_Input data_

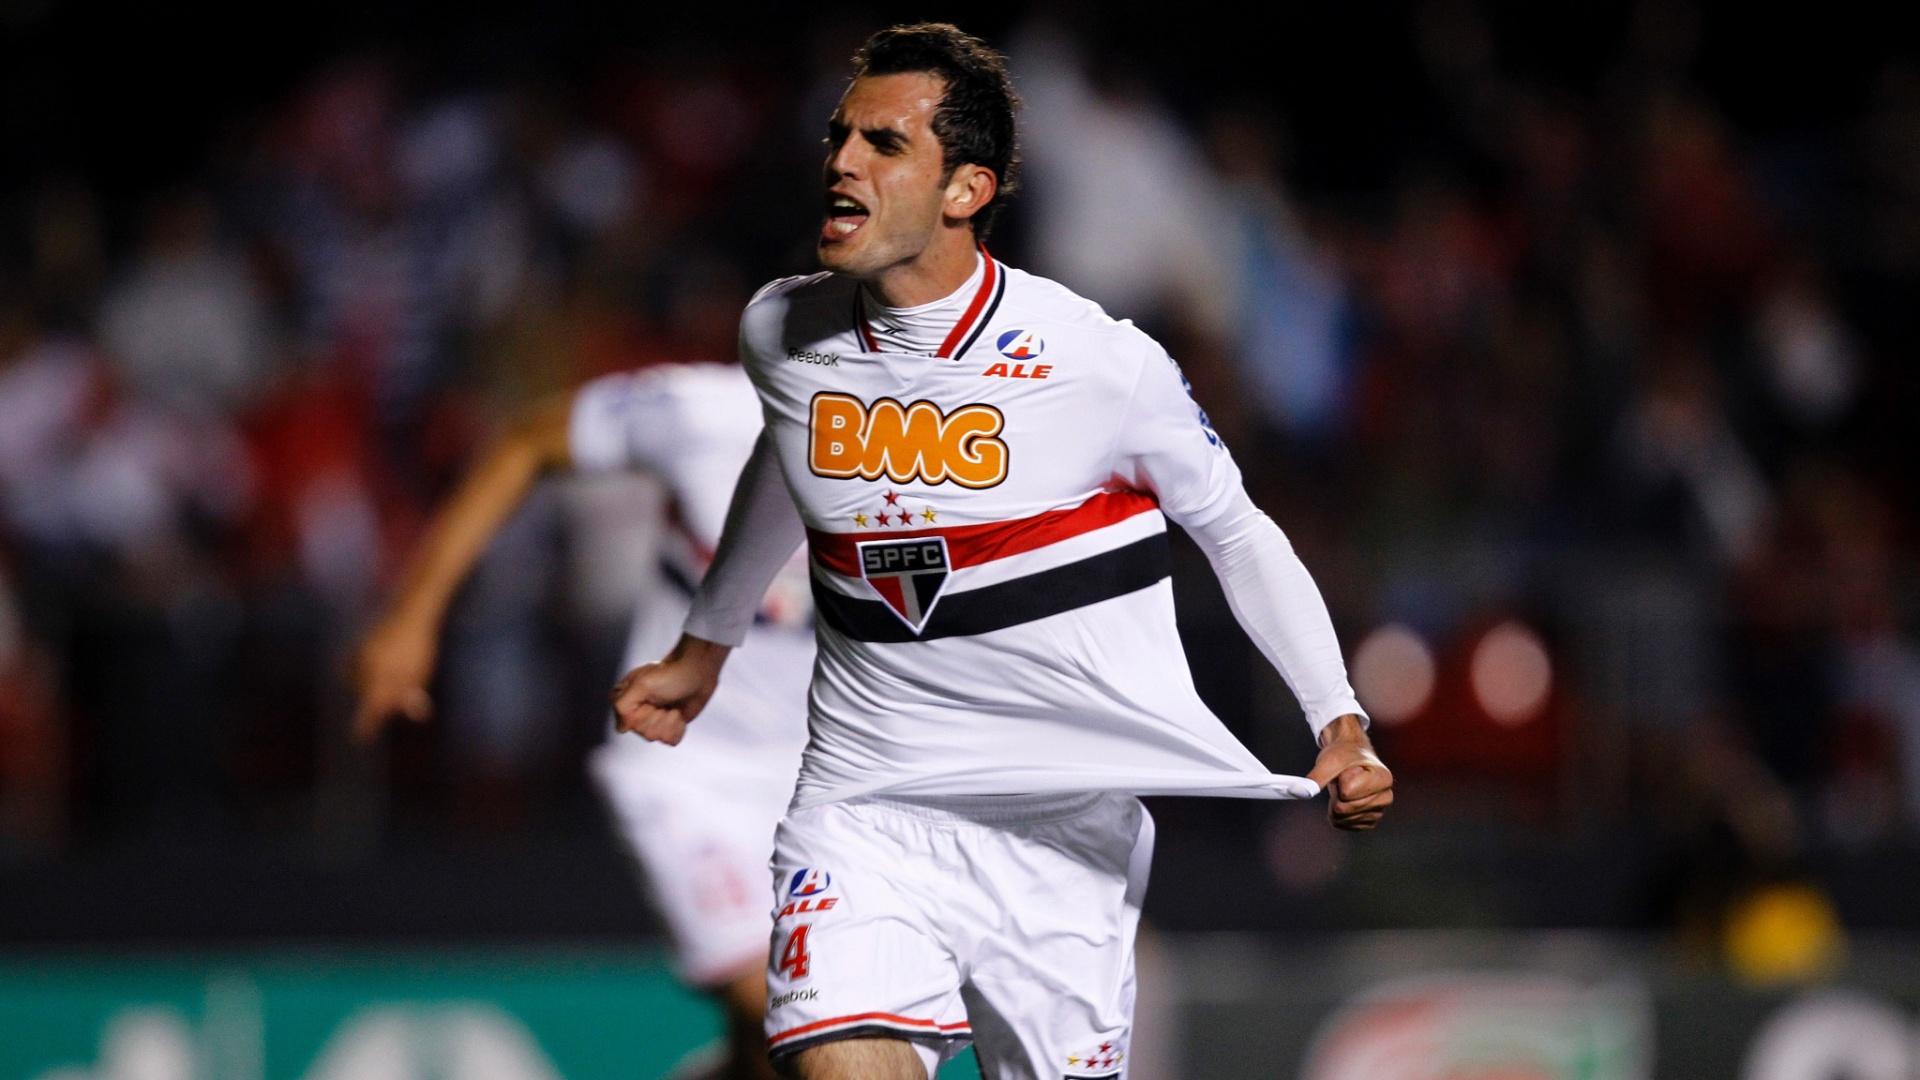 Rhodolfo comemora o primeiro gol do São Paulo na partida
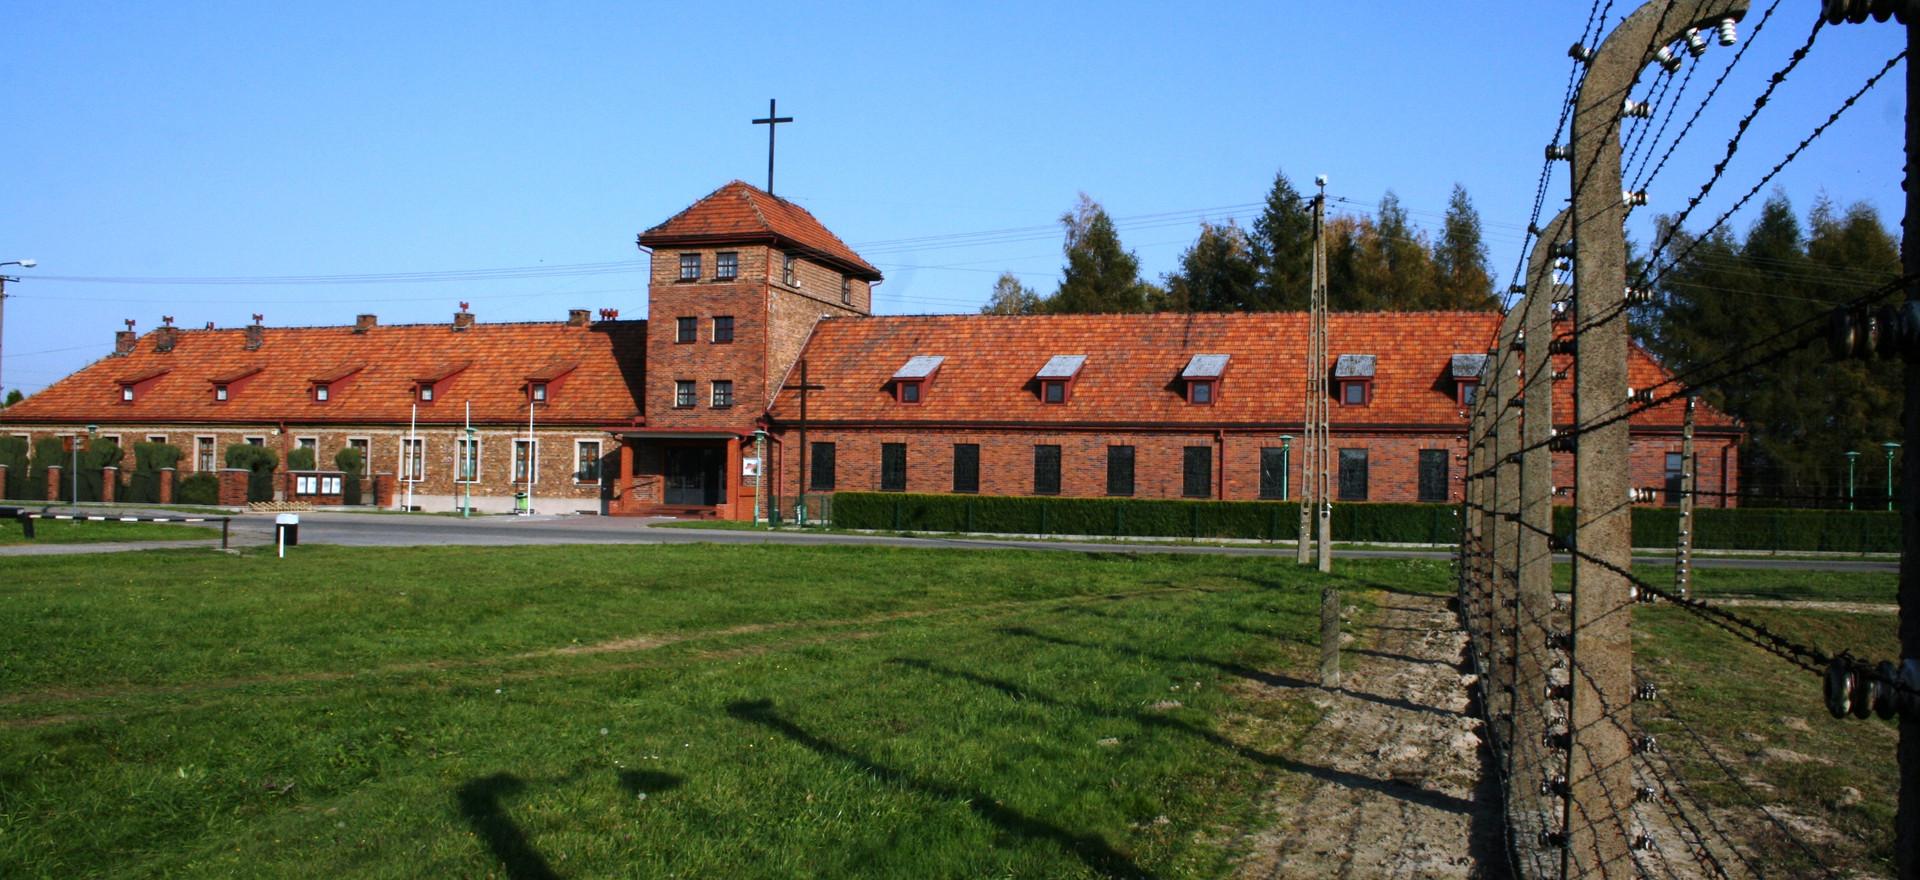 Het voormalige SS hoofdkwartier Birkenau
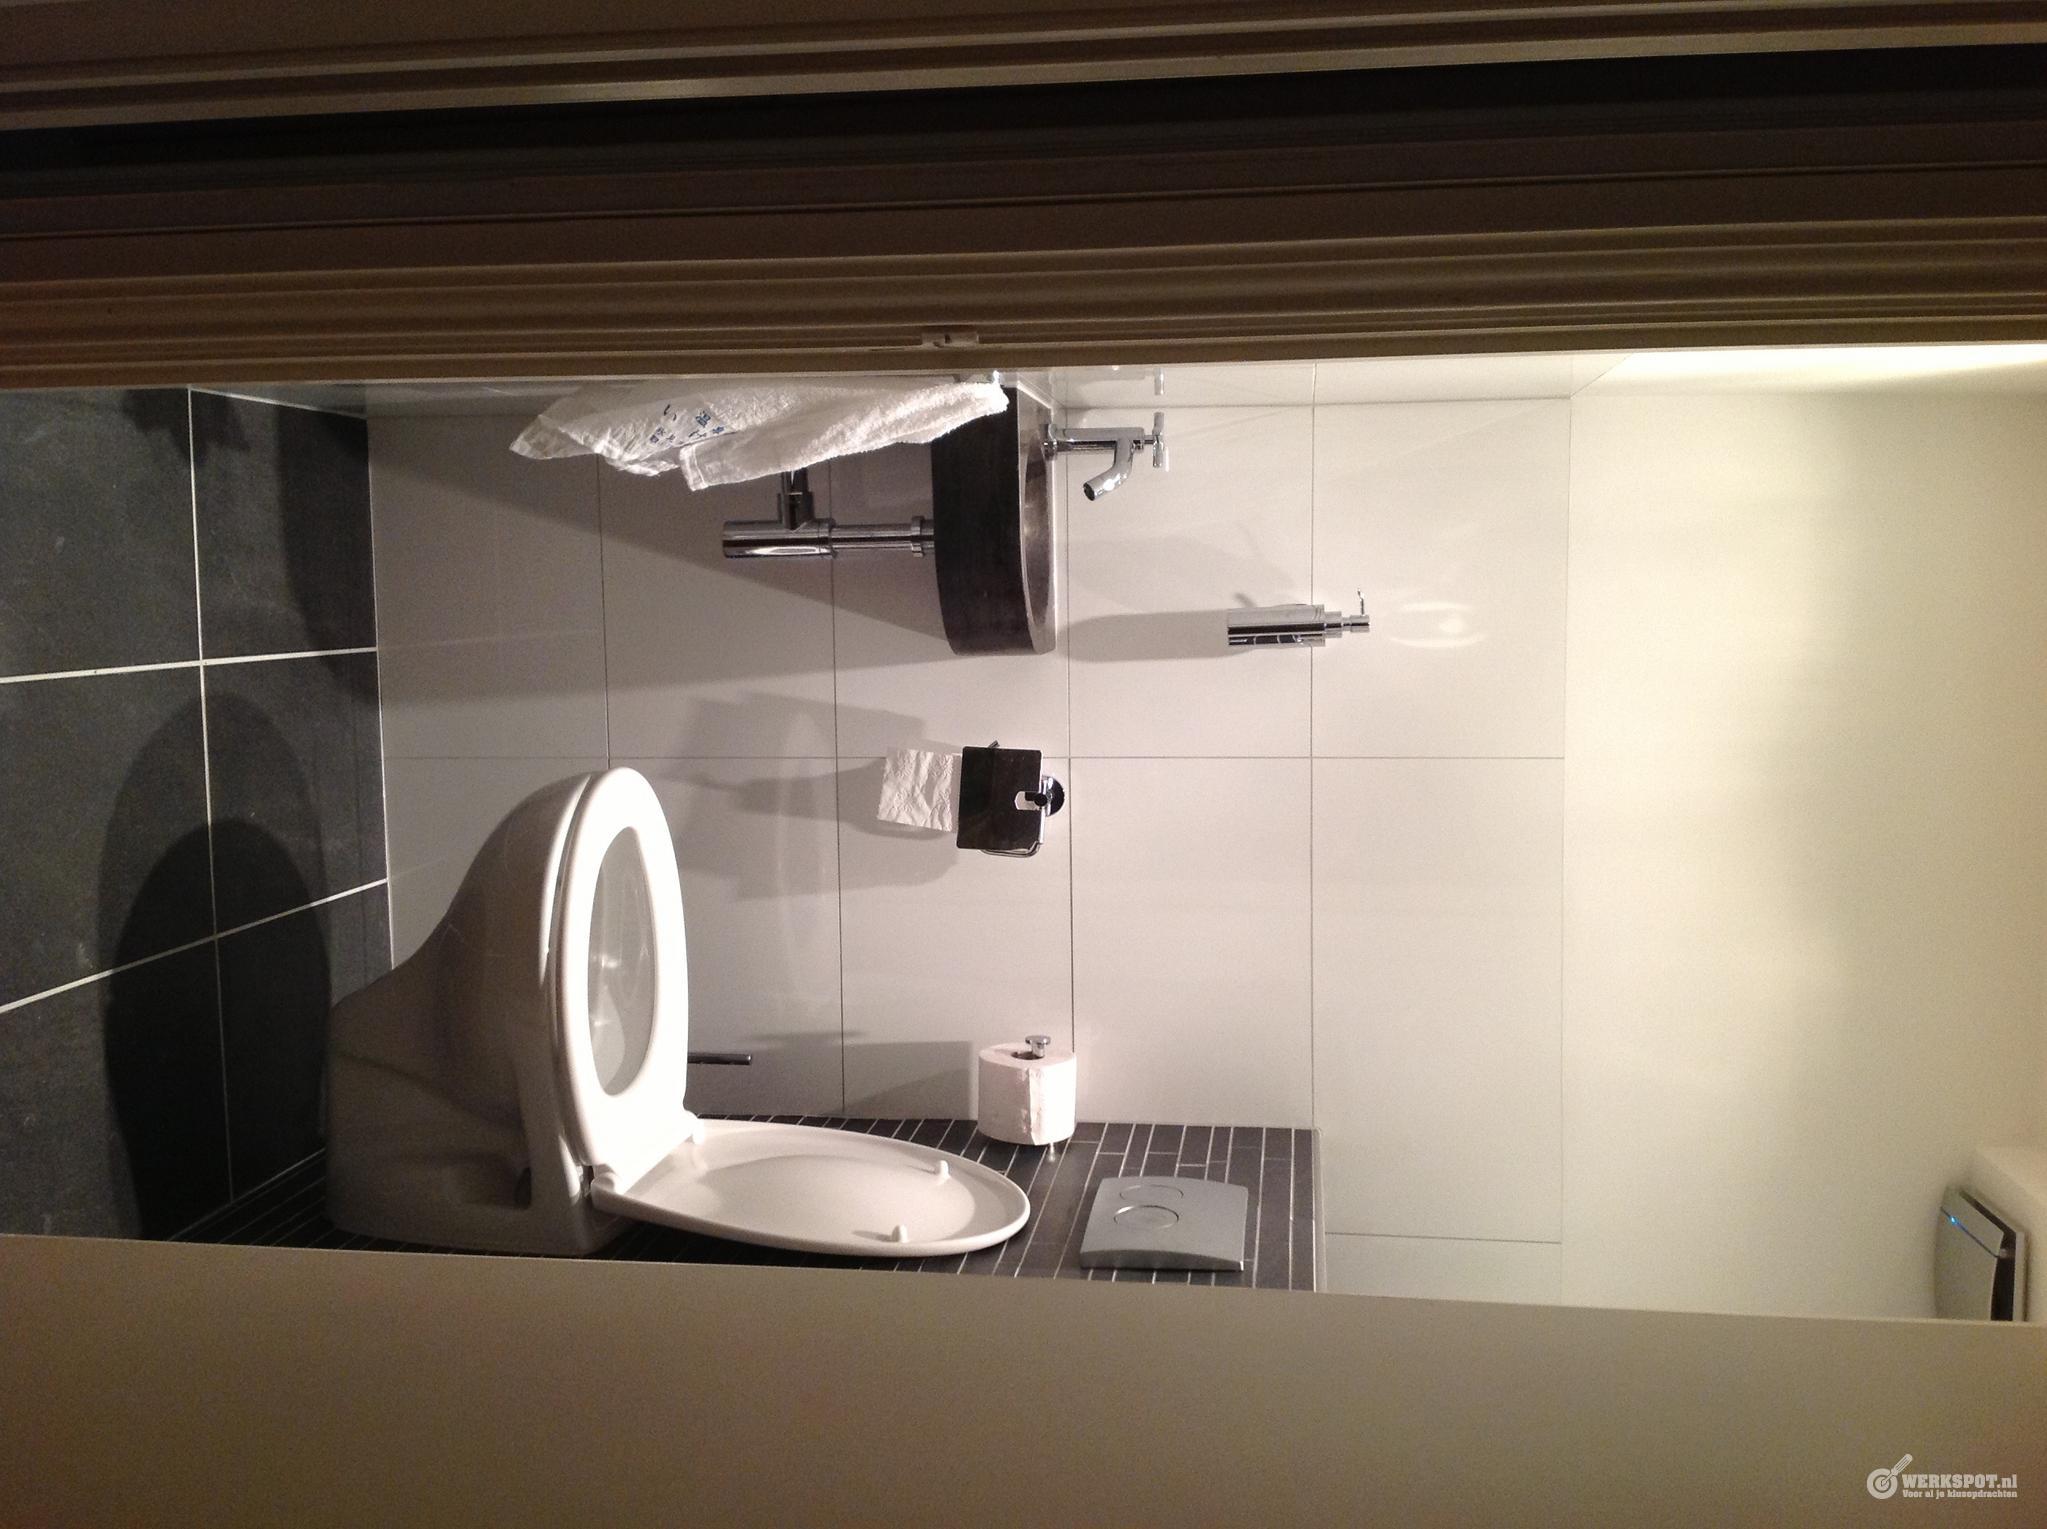 Badkamer kraan monteren badkamer ontwerp idee n voor uw huis samen met meubels die - Betegelde badkamer ontwerp ...

_Task description_
Would you return the material exactly, images excluded?

_Exercise response_
 Rhodolfo comemora o primeiro gol do São Paulo na partida
 Het voormalige SS hoofdkwartier Birkenau
 Badkamer kraan monteren badkamer ontwerp idee n voor uw huis samen met meubels die - Betegelde badkamer ontwerp ...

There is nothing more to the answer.